Üstelik her “bela okuyan konuşma, her küfür içeren samimi tezahürat” suç da değildir...
İnsanın telefonda dedikodu etme hakkımı “kamusal bir adabın içine” sokamazsınız...
Kamusal adap, kamusal alanda geçerlidir...
Telefon kamusal bir alan değildir...
Her telefon konuşmasını, “ona niye sövdün yoksa gizli örgüt müsün, darbe mi hazırlıyordun, irtica mı yapıyordun, bölücü müydün, yoksa yeminli vatan haini misin?” türü yakıştırmalarla yaftalamak hayatı ve insanı bozar...
Adı üstünde telefon konuşması iki kişi arasındaki özel bir konuşmadır...
Gerektiğinde söver, gerektiğinde över, gerektiğinde dalga geçer...
Her özel telefon konuşmasından adap yaratmaya kalkarsanız, herkesi adap bilmeyen edepsiz yerine koyarsınız...
***
Edepsizlikten suç isnat etmeye kalkarsanız, hepimizi koskoca bir hapishanenin içindeki mahkumlar yaparsanız...
Telefon konuşmalarından kamu adabı yaratamazsınız...
Özel konuşmaların edepsizliğinden suçlu çıkartamazsınız...
Selçuk Ural’ın aşık olduğu kadın için söylediği çok eskilerde kalan bir pop şarkısı vardı...
“Saçların parmaklık, gözlerin gardiyan oldu...
İçinde ben ziyan oldum...” derdi o şarkı...
Telefon konuşmalarından, hareketlere “biri bizi gözetliyor” gibi gözetlenen bir toplum ziyan bir toplumdur...
Akıllara da ziyan, insanlığa da ziyan...
***
ERKAN MUMCU, İSMAİL HAKKI KARADAYI’YA DAVA AÇABİLİR Mİ?..
Dün bir internet sitesine eski Genelkurmay Başkanı İsmail Hakkı Karadayı’nın, eski ANAP Başkanı Erkan Mumcu hakkında kimliği belirsiz bir milletvekiliyle yaptığı konuşmanın ses kaydı düştü...
Karadayı o konuşmada, Cumhurbaşkanlığı siçimi için Meclis’e girmeyi düşünen Erkan Mumcu için, p.... diye küfür ediyor...
***
Dün Erkan Mumcu’nun sözlerine baktım, “Karadayı’ya dava açacağım” diyor...
Telefon dinlemenin yol açtığı komik bir durum...

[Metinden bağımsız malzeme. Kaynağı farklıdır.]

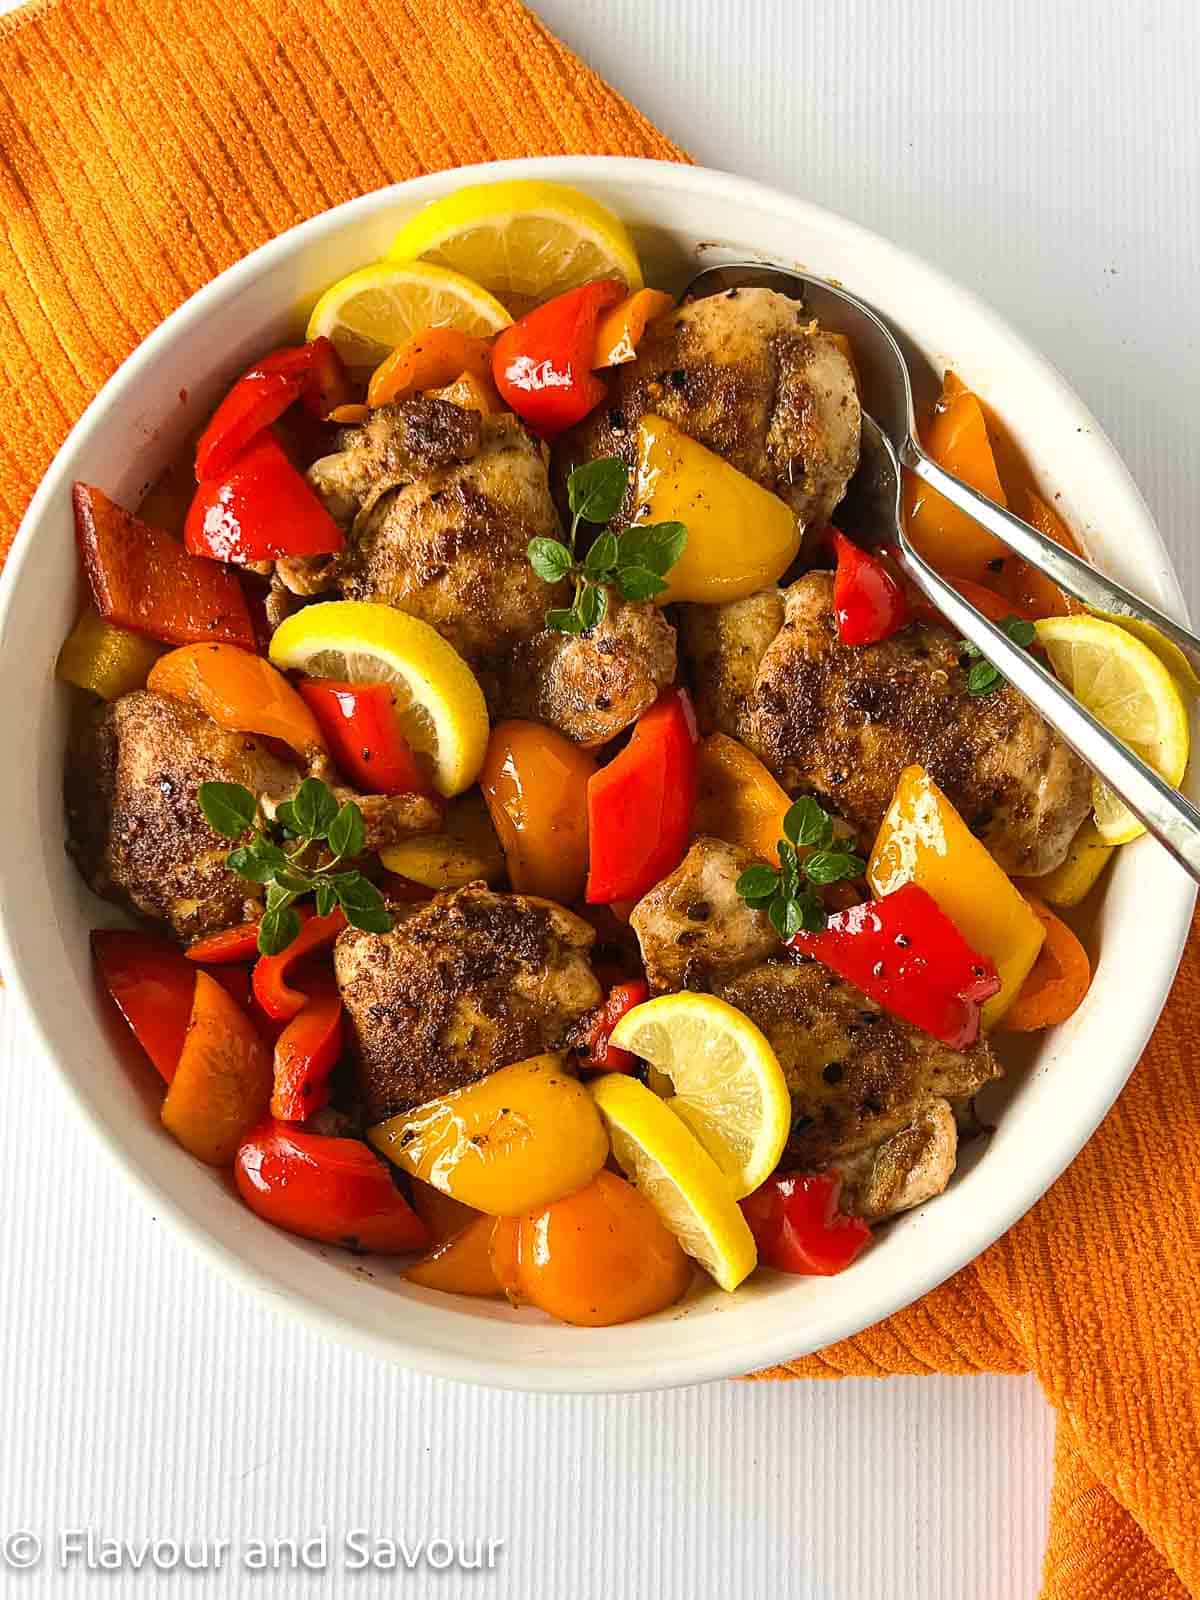 Moroccan chicken thighs and peppers in a serving bowl, garnished with lemon slices and herbs.
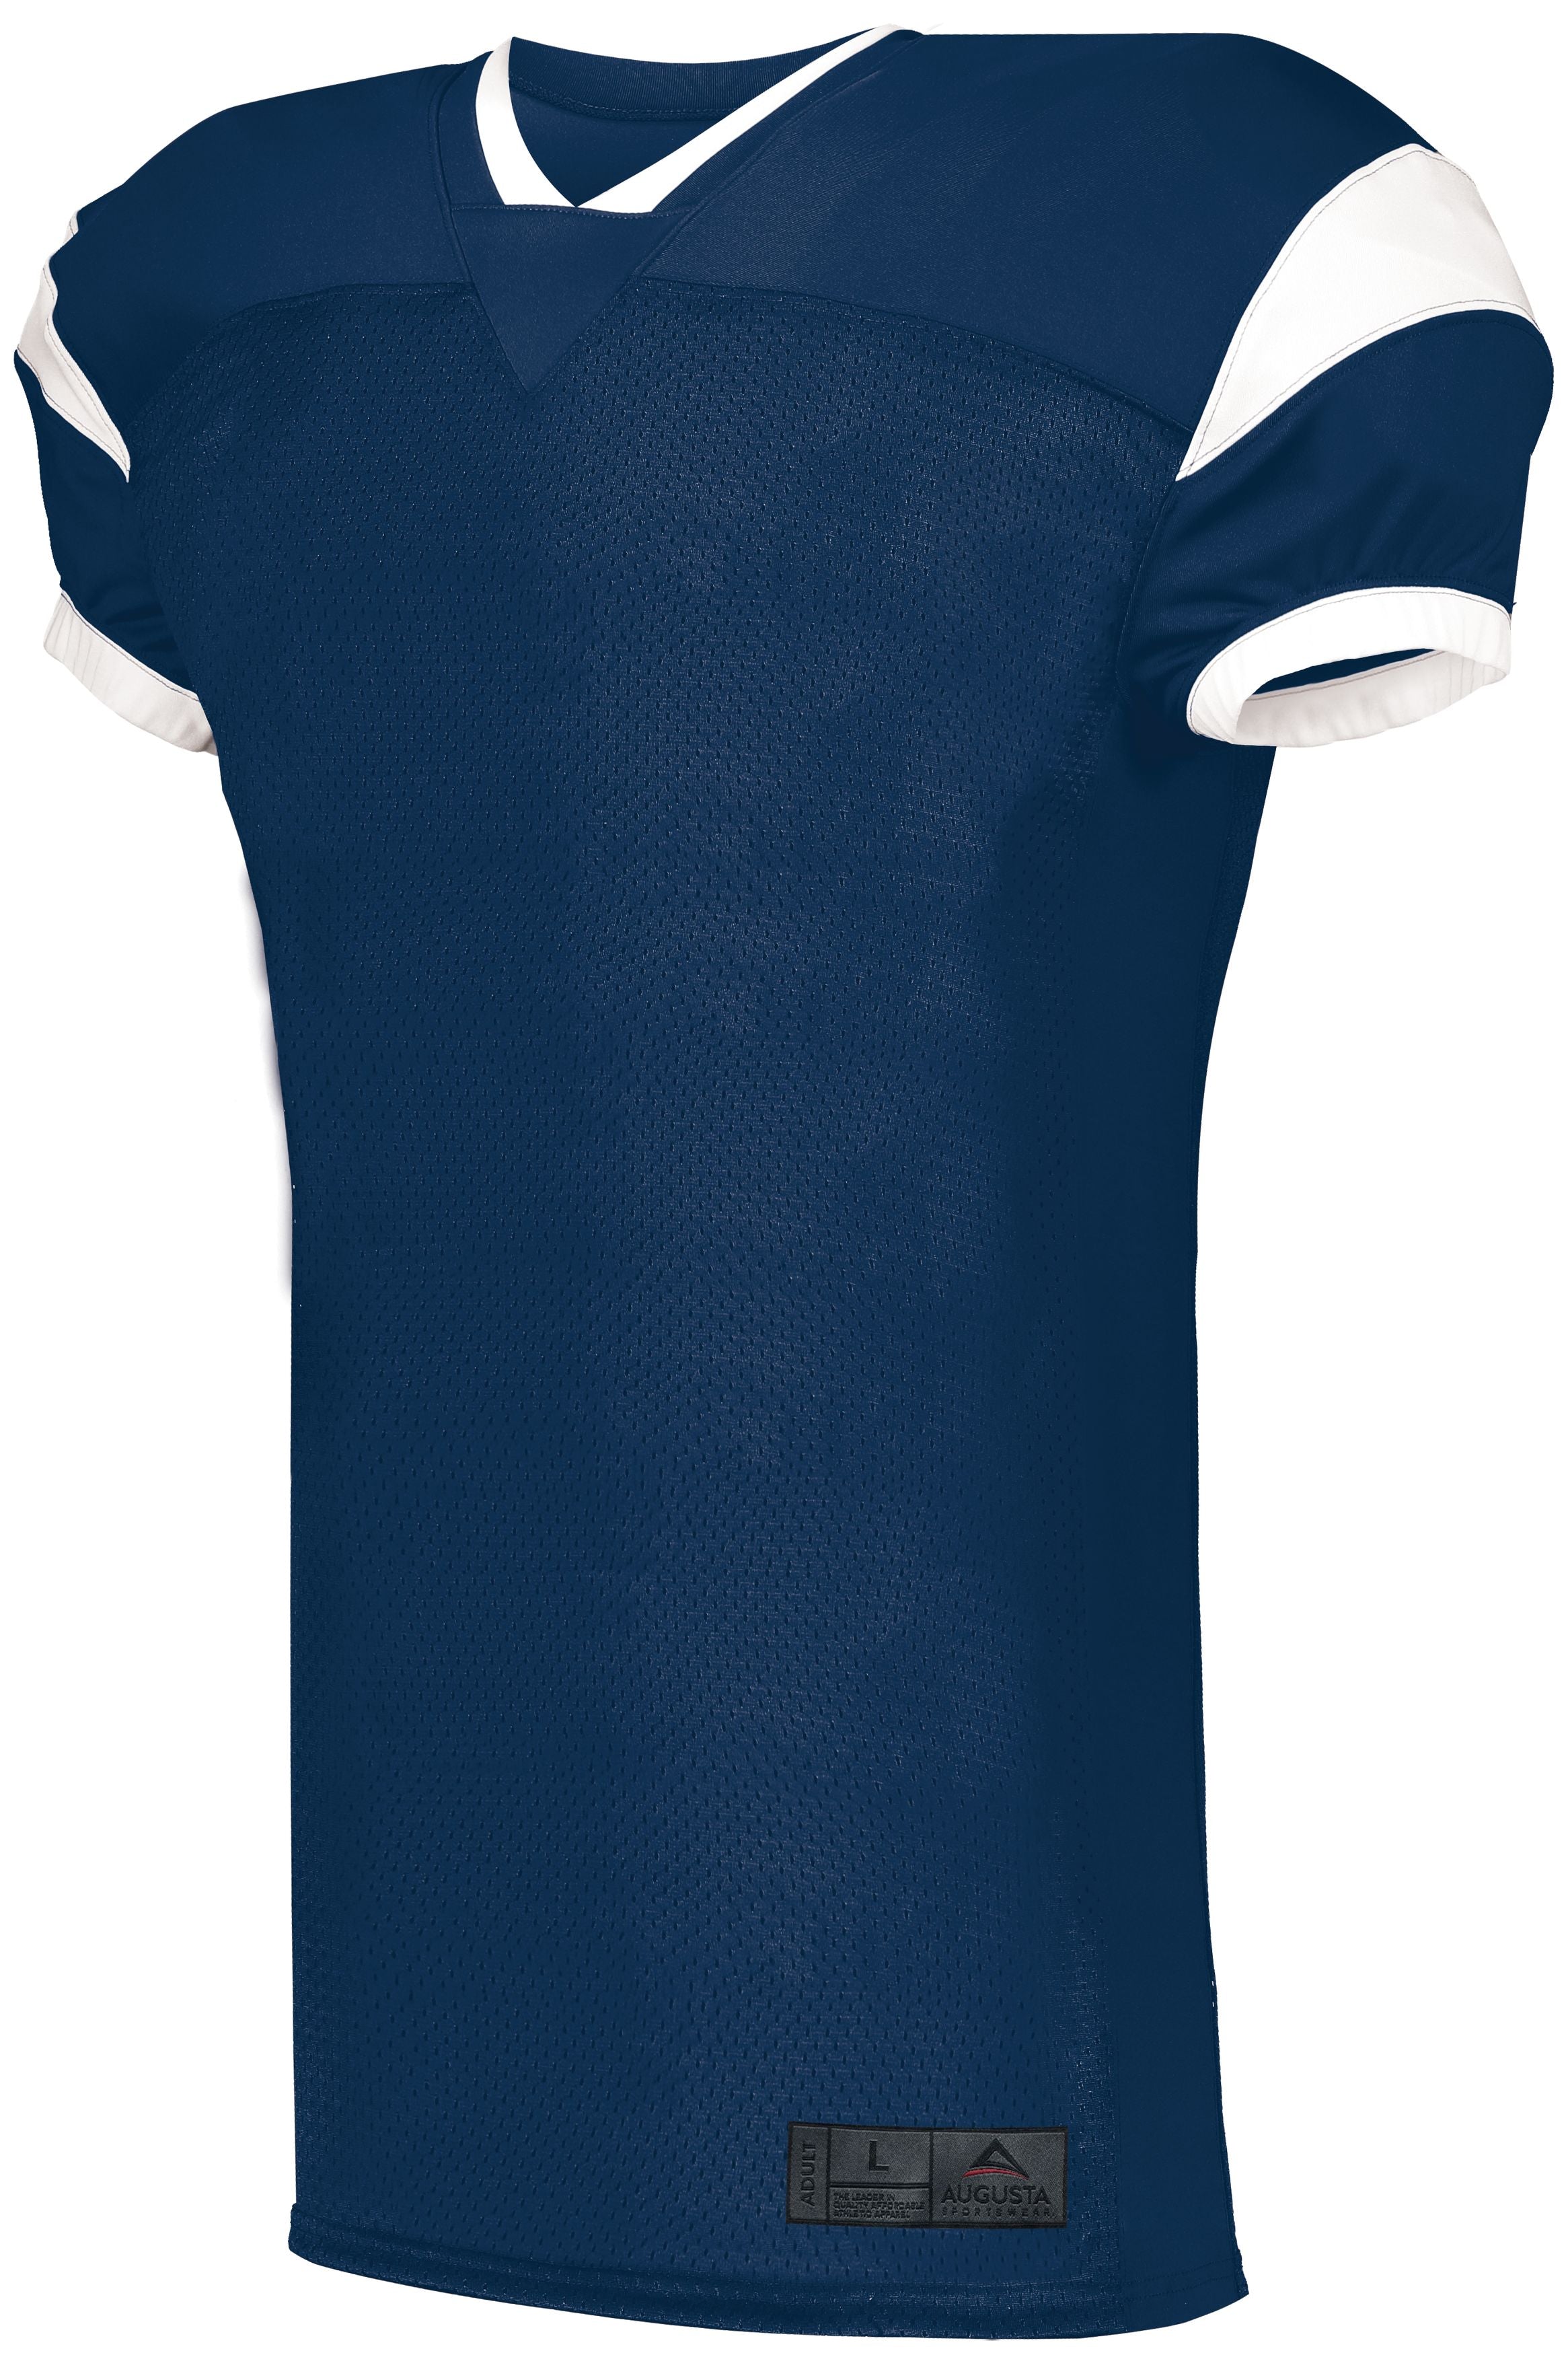 Augusta Sportswear Slant Football Jersey in Navy/White  -Part of the Adult, Adult-Jersey, Augusta-Products, Football, Shirts, All-Sports, All-Sports-1 product lines at KanaleyCreations.com

Nasıl dava açacak Erkan Mumcu?..
Kime dava açacak?..
Diyelim ki konuşmayı yapan gerçekten eski Genelkurmay Karadayı’dır... Karadayı demeyecek mi ki “Kardeşim ben telefonda muhatabımla özel dedikodu yapıyorum... dedikodu yaparken p.... deme hakkım yok mu?.. Ben bunu kamuoyunun önünde hakaret niyetine söylemiyorum ki... İki kişi arasında muhatabının haberinin olmadığı, kimseyi bağlamayan en fazla bel altı bir sohbettir bu... Telefon konuşmasında sana Sayın Erkan Mumcu demek zorunda mıyım?..”
***
Bu durumda artık şöyle konuşacağız... “Bu Sayın Ahmet’in Allah (suskunluk).... iyiliğini versin kardeşim...
P...... bak yaa...
Pardon yani kimseye söylemedim, ortadan konuşuyorum ha...
İb.... lere bak ya...
Hayır onlar değil, hani öylesine havaya söylüyorum...”
Erkan Mumcu’nun hakaret davası böylesine ortada bir mevzuu...
Davayı açacak ama kime açacağı meçhul...
Sayın Karadayı’ya mı, sayın dinleyene mi, sayın yayınlayana mı, yoksa sayın yasayı çıkarana mı?..
Merak ediyorum kim bu sayın meçhul acaba?..30/01/2009 Vatan G.Z.T.